3.2 Robust RC guidance law design

Let us consider the auxiliary control terms
$$\left( {\begin{array}{*{20}c} {a_{M\theta } } \\ {a_{M\phi } } \\ \end{array} } \right) = \left( {\begin{array}{*{20}c} {\frac{{c_{1} \dot{\theta } - u_{1} }}{{c_{2} }}R\cos \phi - 2\dot{R}\dot{\phi }\cos \phi + 2R\dot{\theta }\dot{\phi }\sin \phi } \\ {\frac{{c_{3} \dot{\phi } - u_{2} }}{{c_{4} }}R - 2\dot{R}\dot{\phi } - \frac{1}{2}R\dot{\theta }^{2} \sin 2\phi } \\ \end{array} } \right)$$
where \(u_{1}\) and \(u_{2}\) are auxiliary controls. Then the system Eqs. (6) and (7) yields
$$\frac{d}{dt}\left( {\begin{array}{*{20}c} {\upsigma_{\theta } } \\ {\upsigma_{\phi } } \\ \end{array} } \right) = \left( {\begin{array}{*{20}c} {u_{1} + w_{\theta } } \\ {u_{2} + w_{\phi } } \\ \end{array} } \right)$$
where \(w_{\theta } = c_{2} \frac{{a_{T\theta } }}{{R{ \cos } \phi }}\) and \(w_{\phi } = c_{4} \frac{{a_{T\phi } }}{R}\) belong to be uncertain terms for reason that they contain acceleration information of the target, which cannot be measured. According to the research in [11], we can assume that
$$w_{\theta } = \eta_{\theta } \left( t \right)\upsigma_{\theta }$$
$$w_{\phi } = \eta_{\phi } \left( t \right)\upsigma_{\phi }$$
where \(\eta_{\theta } \left( t \right),\eta_{\phi } \left( t \right)\) are unknown variables.
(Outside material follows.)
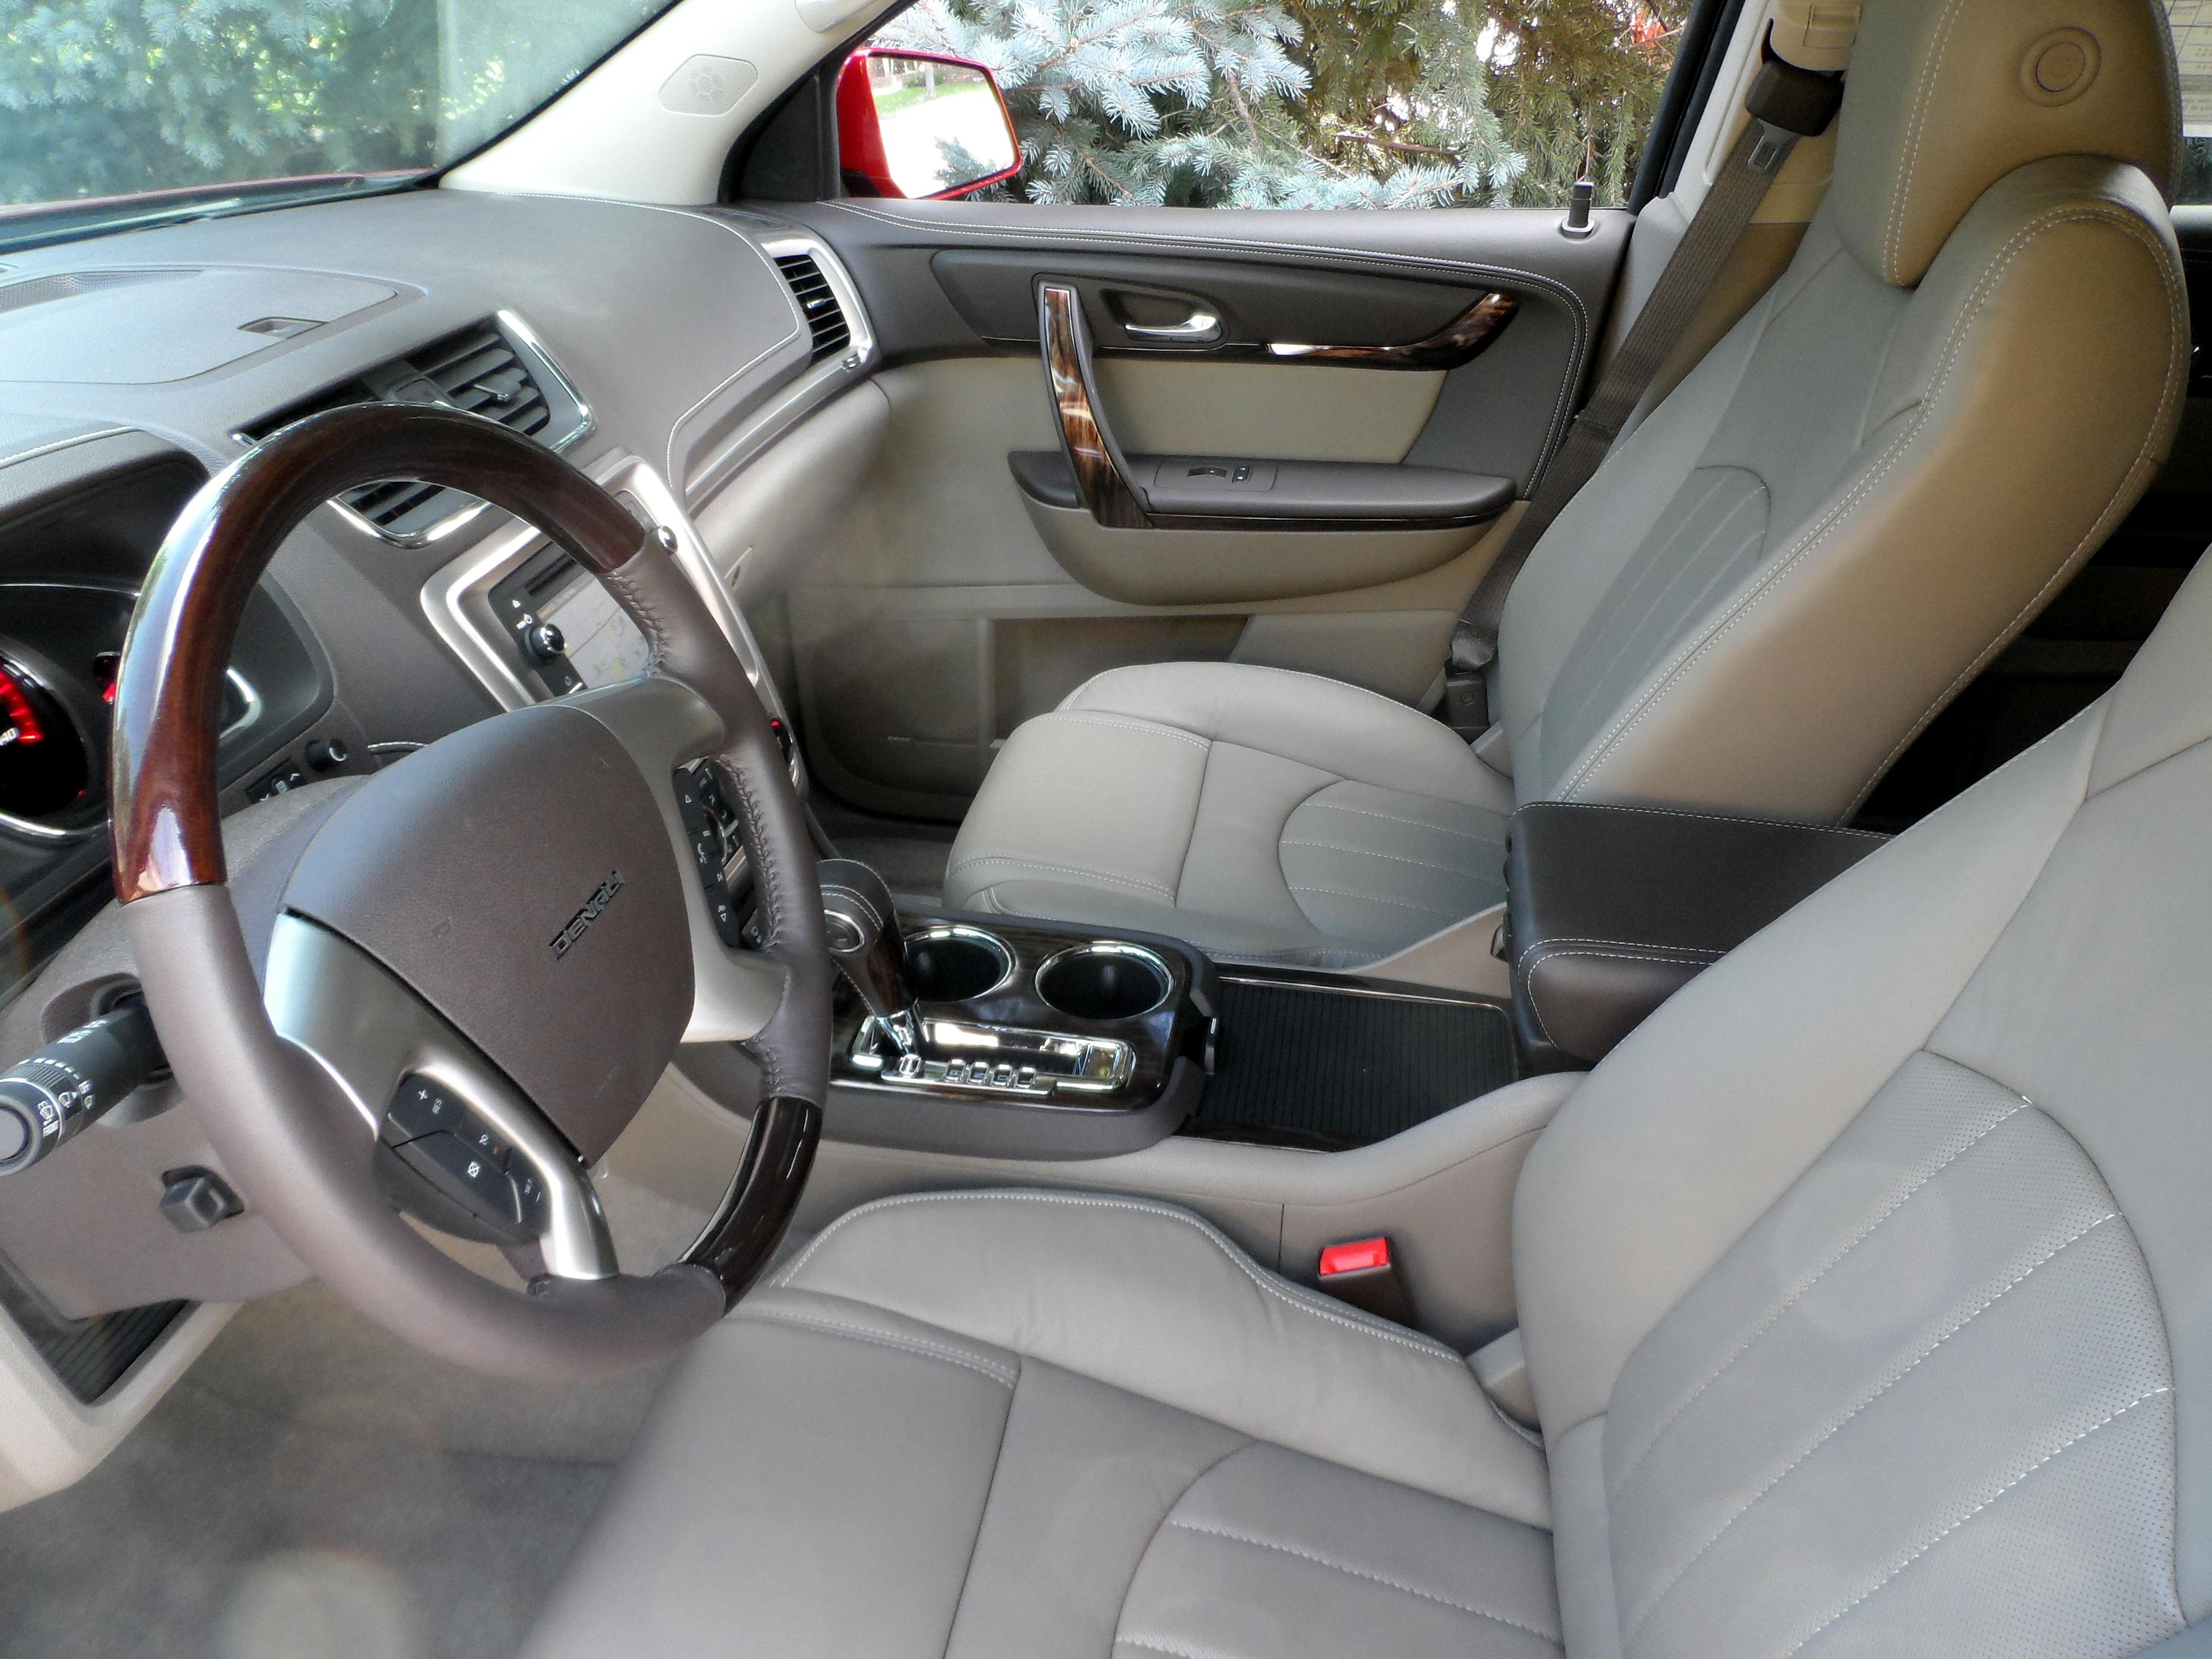 2014 GMC Acadia Denali AWD SUV – Stu's Reviews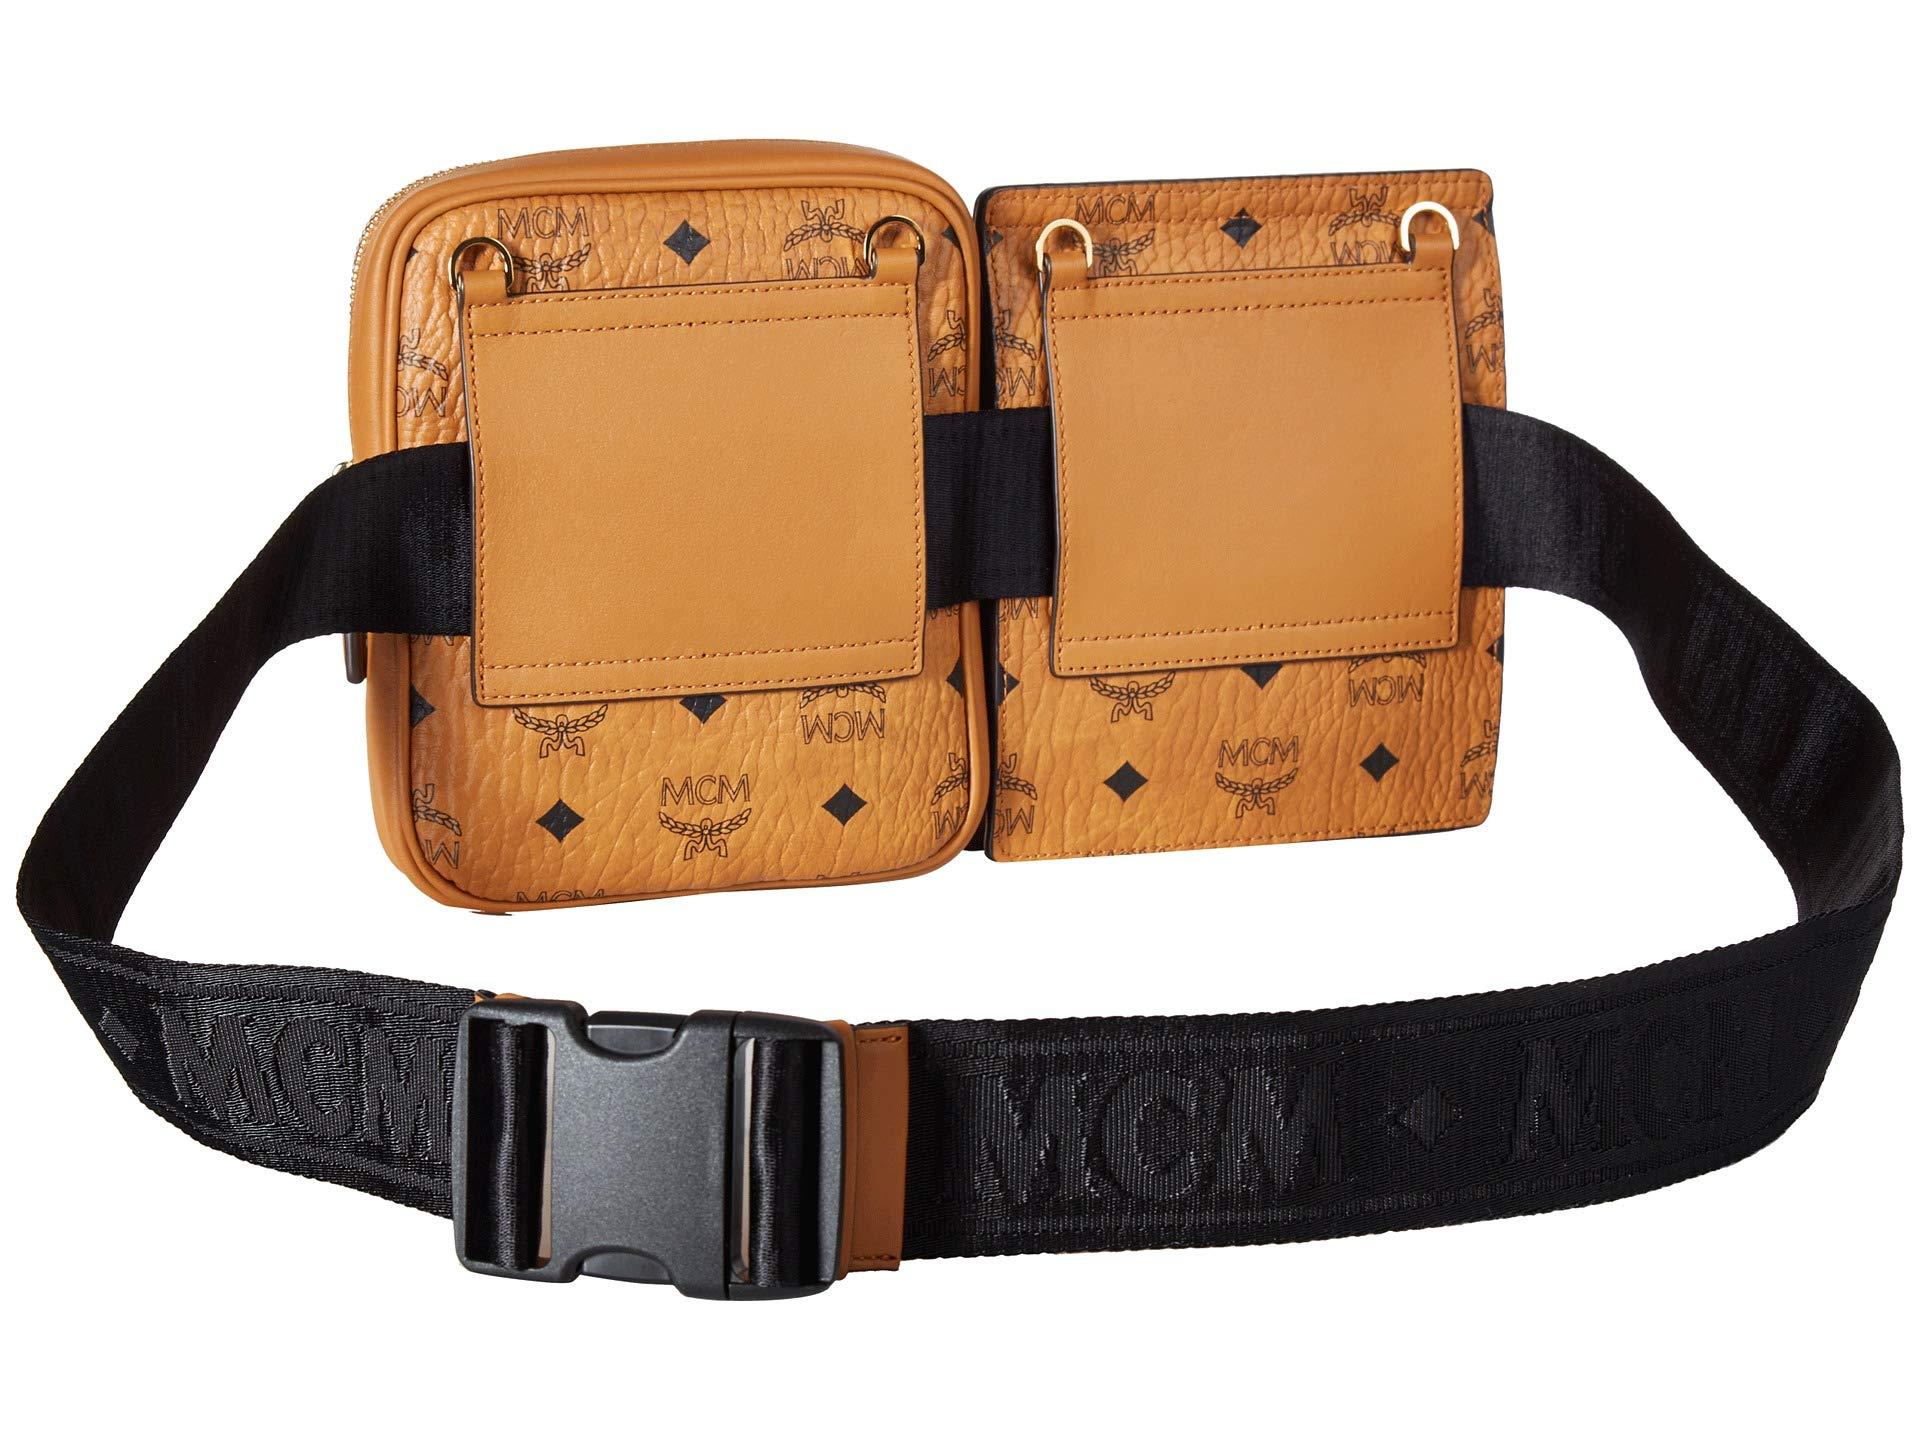 fda600039c9f MCM MCM Stark Double Logo Belt Bag at Luxury.Zappos.com

By substituting Eqs. (9) and (10) into system (8), we can obtain
$$\frac{d}{dt}\left( {\begin{array}{*{20}c} {\upsigma_{\theta } } \\ {\upsigma_{\phi } } \\ \end{array} } \right) = \left( {\begin{array}{*{20}c} {u_{1} + \eta_{\theta } \left( t \right)\upsigma_{\theta } } \\ {u_{2} + \eta_{\phi } \left( t \right)\upsigma_{\phi } } \\ \end{array} } \right)$$
The reference trajectory for system (11) is generated by the following dynamics:
$$y_{1} \left( t \right) = 0$$
$$y_{2} \left( t \right) = 0$$
Enlightened by the works in [11, 16], we design the robust RC control law as follows:
$$u_{1} = k_{1} \left( {y_{1} -\upsigma_{\theta } } \right) - \hat{\eta }_{\theta } \left( t \right)\upsigma_{\theta }$$
$$u_{2} = k_{2} \left( {y_{2} -\upsigma_{\phi } } \right) - \hat{\eta }_{\phi } \left( t \right)\upsigma_{\phi }$$
$$\hat{\eta }_{\theta } \left( t \right) = {\text{proj}}\left( {\hat{\eta }_{\theta } \left( {t - T_{\eta } } \right)} \right) -\upsigma_{\theta } \left( {y_{1} -\upsigma_{\theta } } \right)$$
$$\hat{\eta }_{\phi } \left( t \right) = {\text{proj}}\left( {\hat{\eta }_{\phi } \left( {t - T_{\eta } } \right)} \right) -\upsigma_{\phi } \left( {y_{2} -\upsigma_{\phi } } \right)$$
$${\text{proj}}\left( {\hat{\eta }_{\theta } \left( {t - T_{\eta } } \right)} \right) = \left\{ {\begin{array}{*{20}c} {\hat{\eta }_{\theta } \left( {t - T_{\eta } } \right), \left| {\hat{\eta }_{\theta } \left( {t - T_{\eta } } \right)} \right| \le \eta_{\theta }^{*} } \\ {sign\left[ {\hat{\eta }_{\theta } \left( {t - T_{\eta } } \right)} \right]\eta_{\theta }^{*} ,\left| {\hat{\eta }_{\theta } \left( {t - T_{\eta } } \right)} \right| > \eta_{\theta }^{*} } \\ \end{array} } \right.$$
$${\text{proj}}\left( {\hat{\eta }_{\phi } \left( {t - T_{\eta } } \right)} \right) = \left\{ {\begin{array}{*{20}c} {\hat{\eta }_{\phi } \left( {t - T_{\eta } } \right), \left| {\hat{\eta }_{\phi } \left( {t - T_{\eta } } \right)} \right| \le \eta_{\phi }^{*} } \\ {sign\left[ {\hat{\eta }_{\phi } \left( {t - T_{\eta } } \right)} \right]\eta_{\phi }^{*} ,\left| {\hat{\eta }_{\phi } \left( {t - T_{\eta } } \right)} \right| > \eta_{\phi }^{*} } \\ \end{array} } \right.$$
where \(\eta_{\theta }^{*}\) and \(\eta_{\phi }^{*}\) are design parameters, \(T_{\eta }\) is value of period for updating \(\hat{\eta }_{\theta }\) and \(\hat{\eta }_{\phi }\).

3.3 Stability analysis

In this section, we will prove the system represented by Eq. (11) is stable by Lyapunov stable theory [16]. Because the dynamic models of \(\sigma_{\theta }\) and \(\sigma_{\phi }\) have the similar forms, here we only take \(\sigma_{\theta }\) as an example to show the process of proof.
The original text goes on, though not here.